Can I get a hint on this problem?
Given a finite divisor $D=p_1+\dots +p_m -q_1 -\dots -q_n$ on the unit disk $\mathbb{D}$, how do I show that the first sheaf cohomology group $H^1(\mathscr{O}_D, \mathbb{D})=0$?
I was first only considering effective divisors, which would make $\mathscr{O}_D$ a subset of the holomorphic functions. We can also pick a covering $(U_i)$ such that each $p$ is only contained in a single open set $U$. Then I could split any cochain $(f_{ij})$ into $g_j-g_i$ of holomorphic functions.
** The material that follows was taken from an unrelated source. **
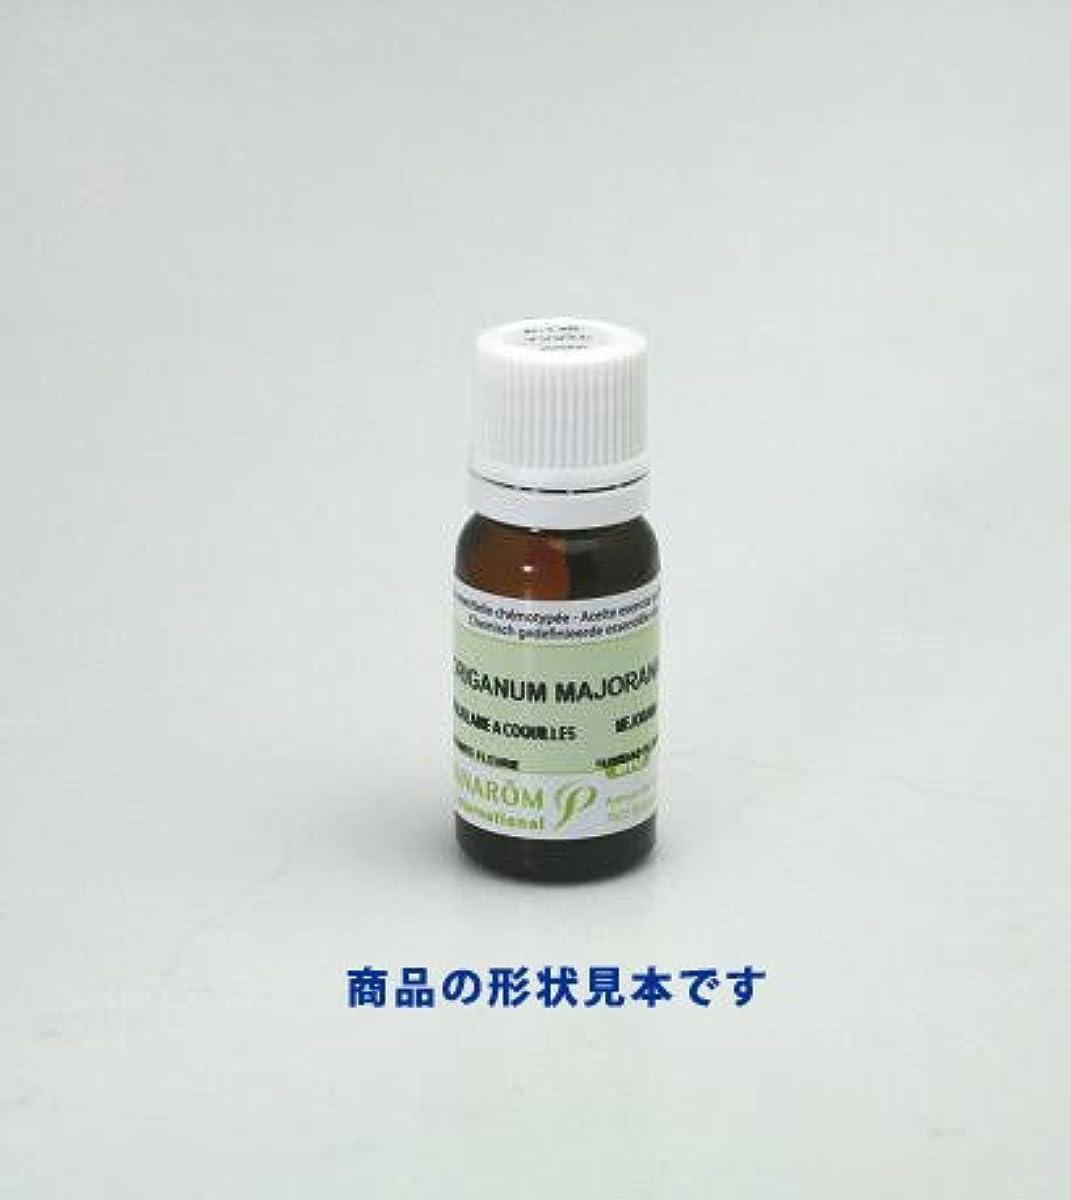 グレード電気陽性スイングプラナロム社製精油:P-100 ラベンダー?スーパー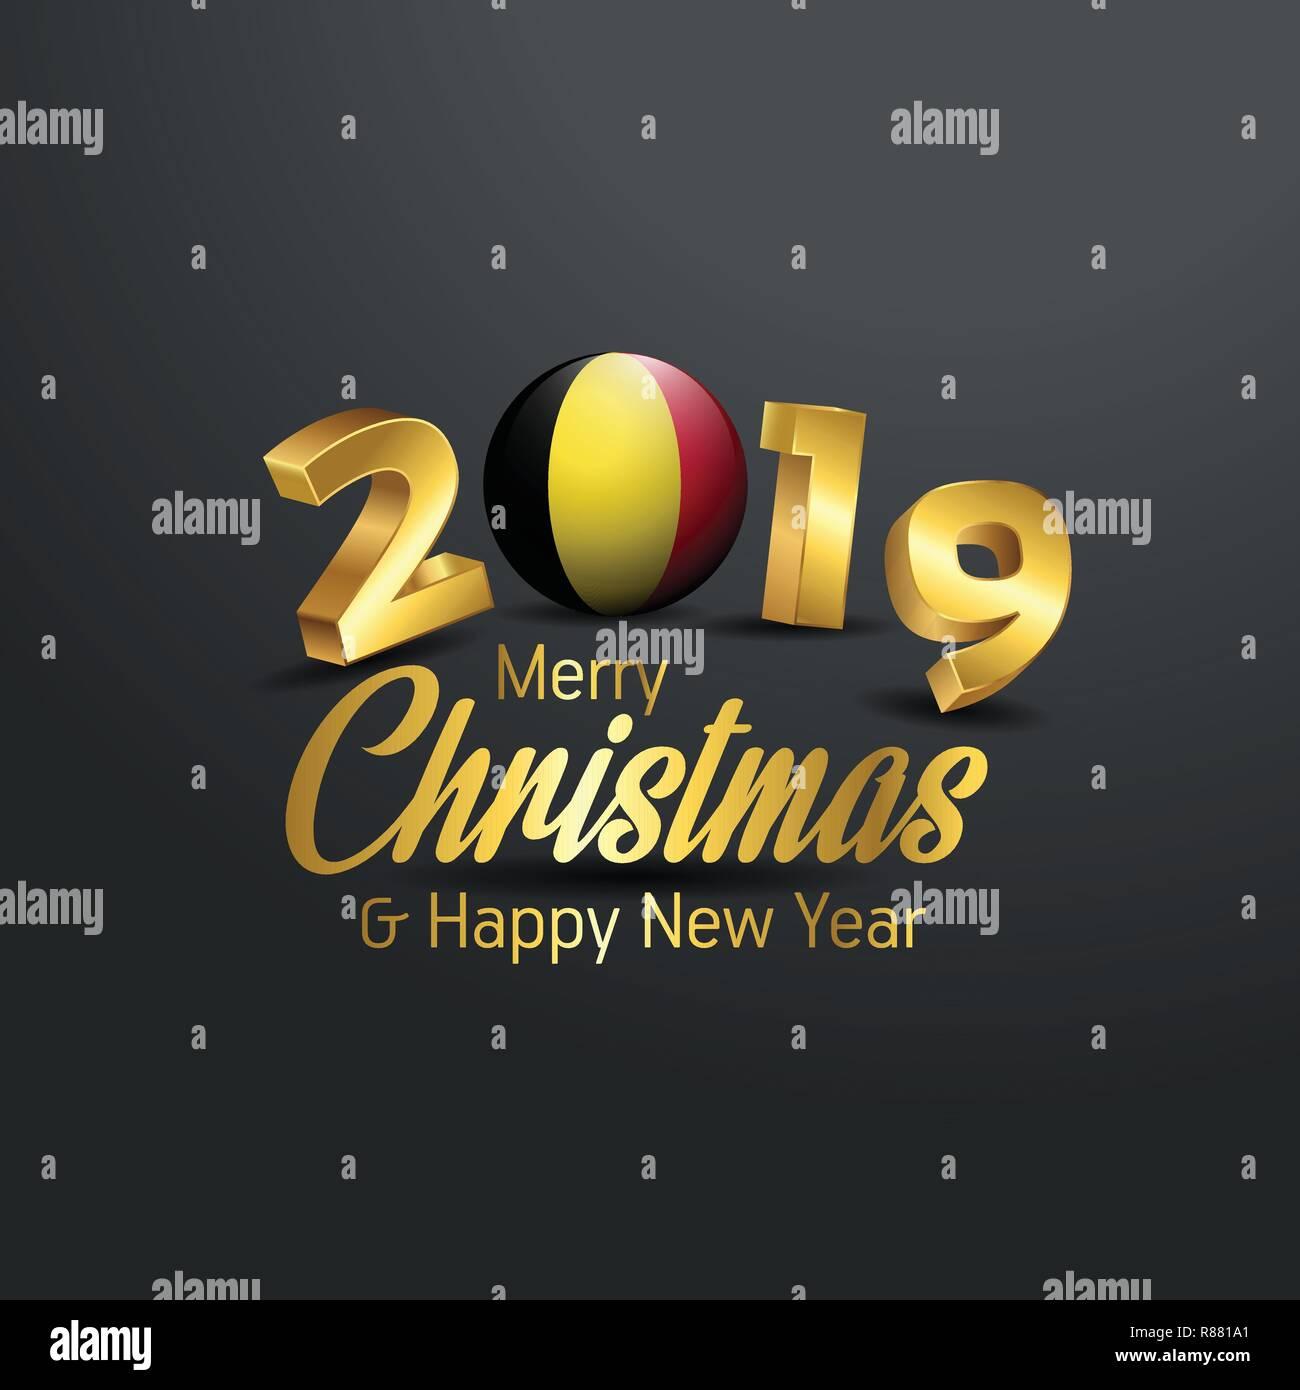 Image De Joyeux Noel 2019.Drapeau Belgique Joyeux Noel 2019 La Typographie Nouvel An

Then I want to somehow get the functions $g_i$ to be zero at the necessary points, maybe by multiplying $g_i$ by $(z-p_i)$ locally in $U_i$. But this doesn't seem to be likely to work.
My motivation for doing this is to show that on any compact riemann surface X, a covering $(U_i)$ where all the $U_i$ are isomorphic to disks is a leray covering relative to any sheaf of a divisor $\mathscr{O}_D$.
Let's do a simple example. Namely, let's show that $\mathcal{O}(-p)$ (for some point $p$) has vanishing cohomology.
Begin by considering that we have the following short exact sequence
$$0\to\mathcal{O}(-p)\to \mathcal{O}_{\mathbb{D}}\to i_\ast\mathcal{O}_p\to 0$$
where $i$ is the inclusion of the point $p$ into $\mathbb{D}$ (and $\mathcal{O}_p$ is the structure sheaf on the point). Then, we get the LES
$$0\to \mathcal{O}(-p)(\mathbb{D})\to \mathcal{O}_{\mathbb{D}}(\mathbb{D})\to \mathbb{C}\to H^1(\mathbb{D},\mathcal{O}(-p))\to H^1(\mathbb{D},\mathcal{O}_{\mathbb{D}})$$
But, note that using the exponential sequence
$$0\to\mathbb{Z}\to \mathcal{O}_{\mathbb{D}}\to\mathcal{O}_{\mathbb{D}}^\times\to 0$$
we have the long exact sequence
$$0\to \mathbb{Z}\to \mathcal{O}_{\mathbb{D}}(\mathbb{D})\to \mathcal{O}_{\mathbb{D}}(\mathbb{D})^\times\to H^1(\mathbb{D},\underline{\mathbb{Z}})\to H^1(\mathbb{D},\mathcal{O}_{\mathbb{D}})\to H^1(\mathbb{D},\mathcal{O}_{\mathbb{D}}^\times)\to H^2(\mathbb{D},\underline{\mathbb{Z}})$$
But, since $\mathbb{D}$ is contractible
$$H^1(\mathbb{D},\underline{\mathbb{Z}})=H^2(\mathbb{D},\underline{\mathbb{Z}})=0$$
and so
$$H^1(\mathbb{D},\mathcal{O}_{\mathbb{D}})=H^1(\mathbb{D},\mathcal{O}_{\mathbb{D}}^\times)=\mathrm{Pic}(\mathbb{D})$$
But, $\mathrm{Pic}(\mathbb{D})=\mathrm{Cl}(\mathbb{D})=0$. The last equality follows by the Mittag-Leffler theorem.
Thus, from this side computation we see that we have the exact sequence
$$0\to\mathcal{O}(-p)(\mathbb{D})\to\mathcal{O}_\mathbb{D}(\mathbb{D})\to\mathbb{C}\to H^1(\mathbb{D},\mathcal{O}(-p))\to 0$$
and thus proving that $H^1(\mathbb{D},\mathcal{O}(-p))=0$ is equivalent to showing that
$$0\to \mathcal{O}(-p)(\mathbb{D})\to \mathcal{O}_{\mathbb{D}}(\mathbb{D})\to \mathbb{C}\to 0$$
is exact.
Do you see how to do this? Do you see how to generalize this?